-- What needs to be done --
Please set down each of the lines below once more, exactly, omitting all pictures.

-- Recorded information --
-- Opening Marker --

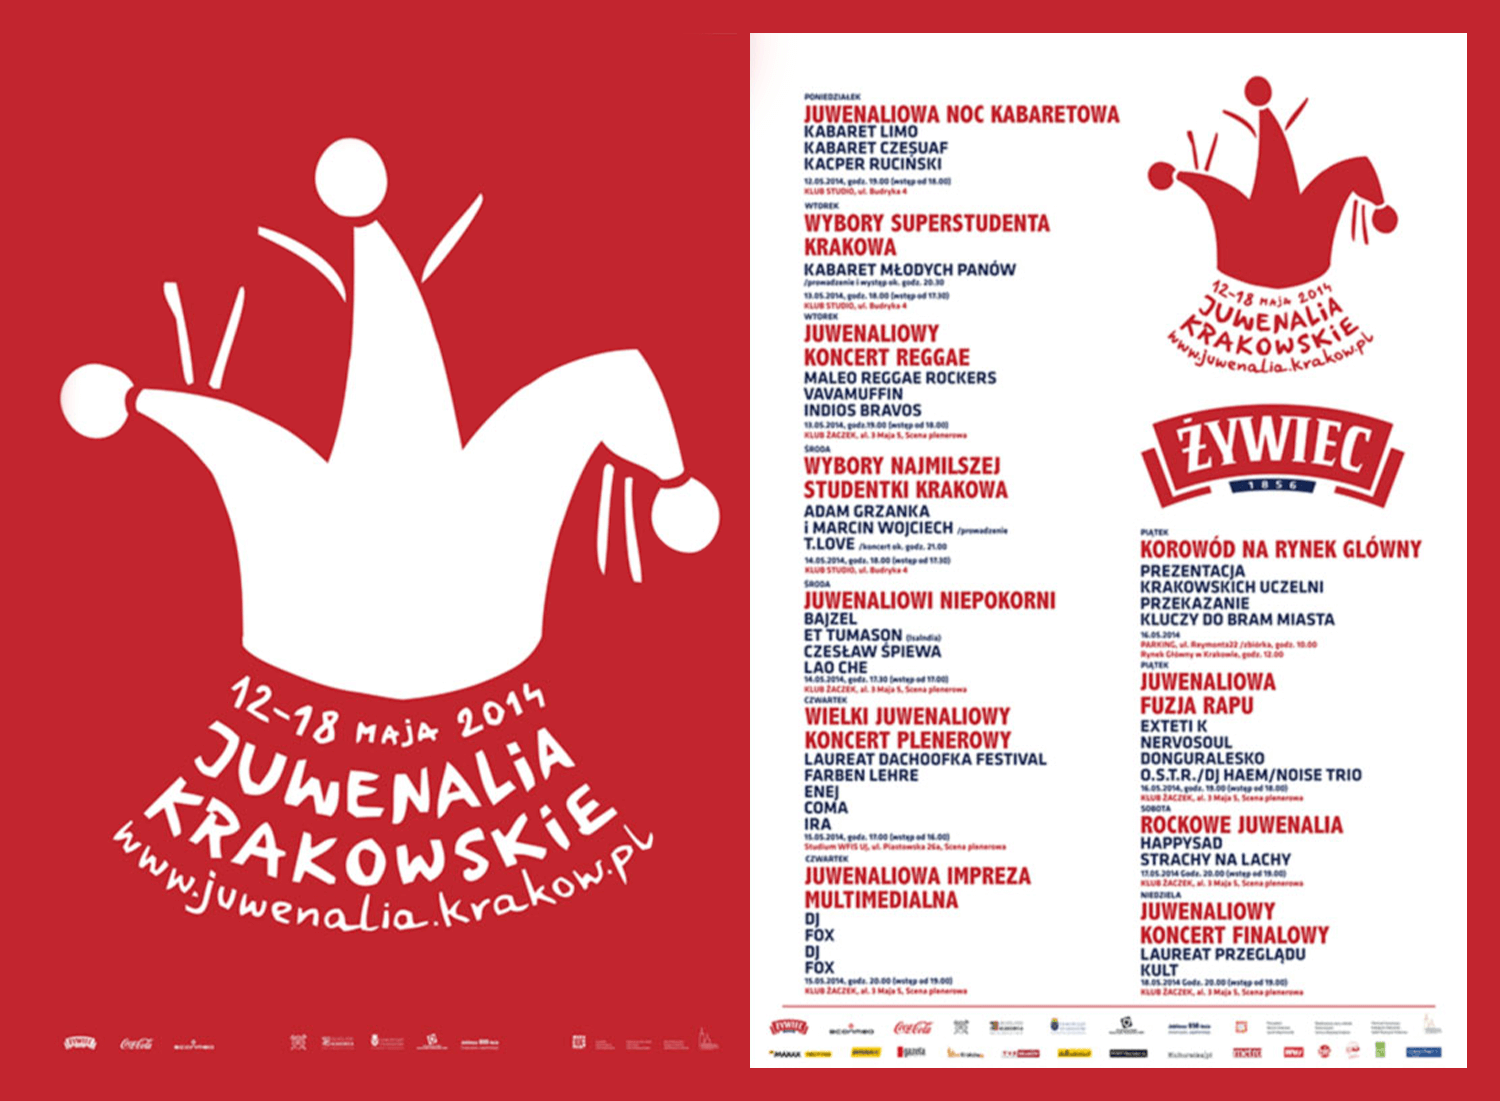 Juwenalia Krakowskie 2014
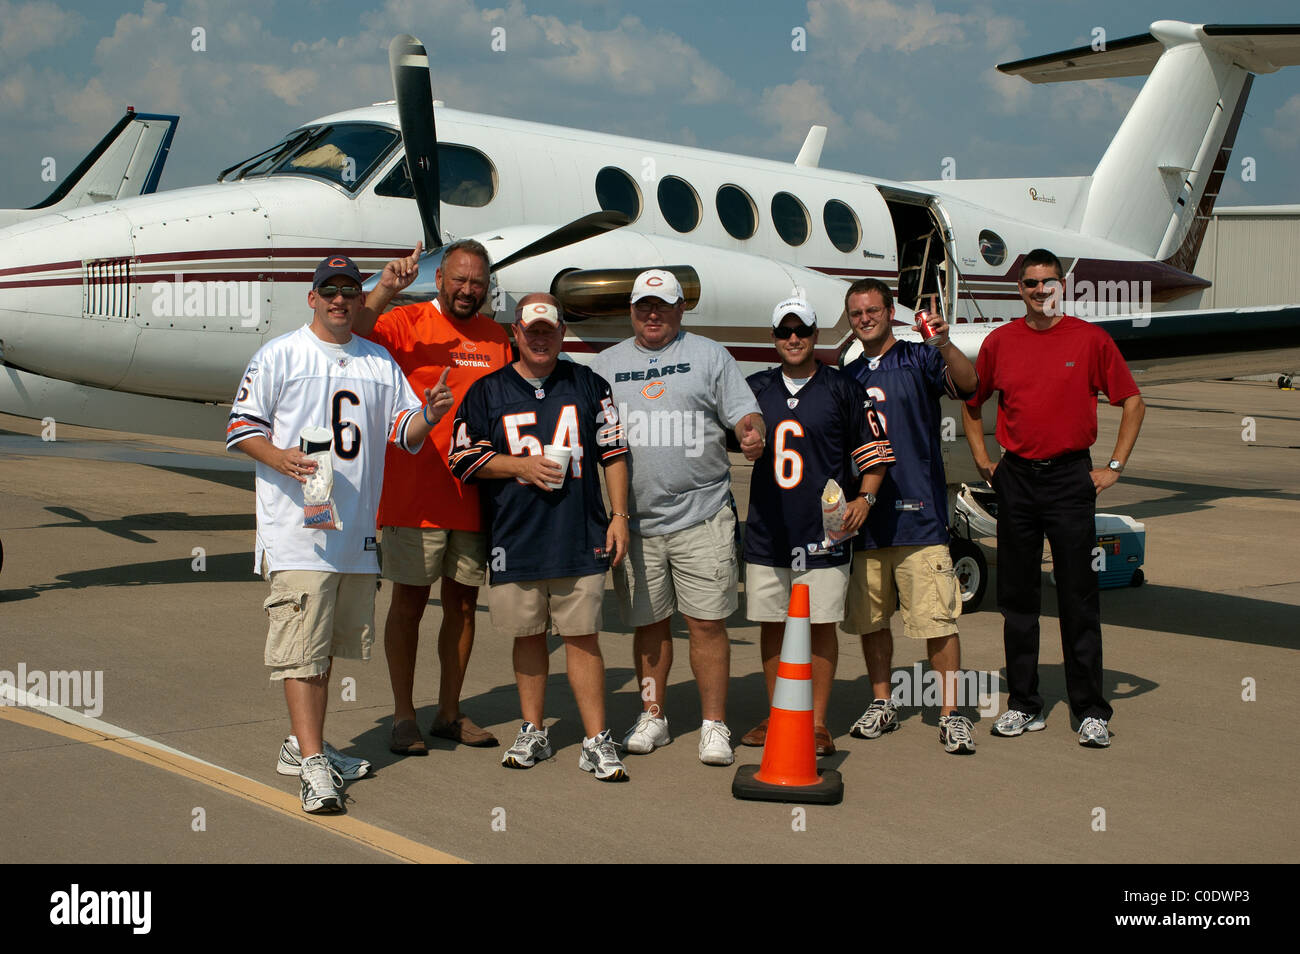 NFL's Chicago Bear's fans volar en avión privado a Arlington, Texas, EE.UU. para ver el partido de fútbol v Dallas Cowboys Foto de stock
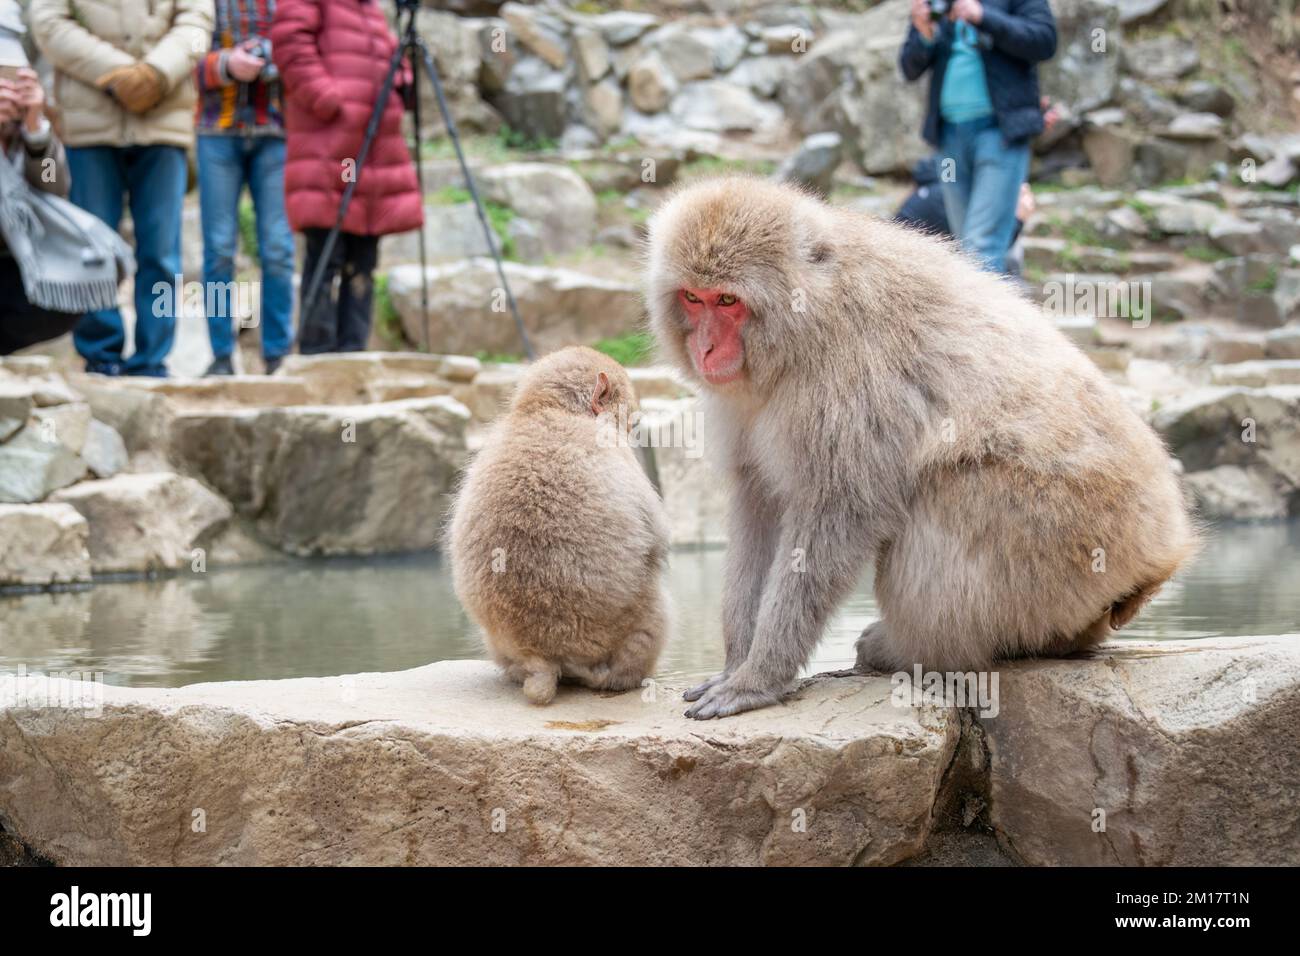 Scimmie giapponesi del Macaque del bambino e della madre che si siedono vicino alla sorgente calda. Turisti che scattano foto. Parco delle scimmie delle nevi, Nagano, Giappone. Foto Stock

-- Closing Marker --

-- Written response --
 Juwenalia Krakowskie 2014
 NFL's Chicago Bear's fans volar en avión privado a Arlington, Texas, EE.UU. para ver el partido de fútbol v Dallas Cowboys Foto de stock
 Scimmie giapponesi del Macaque del bambino e della madre che si siedono vicino alla sorgente calda. Turisti che scattano foto. Parco delle scimmie delle nevi, Nagano, Giappone. Foto Stock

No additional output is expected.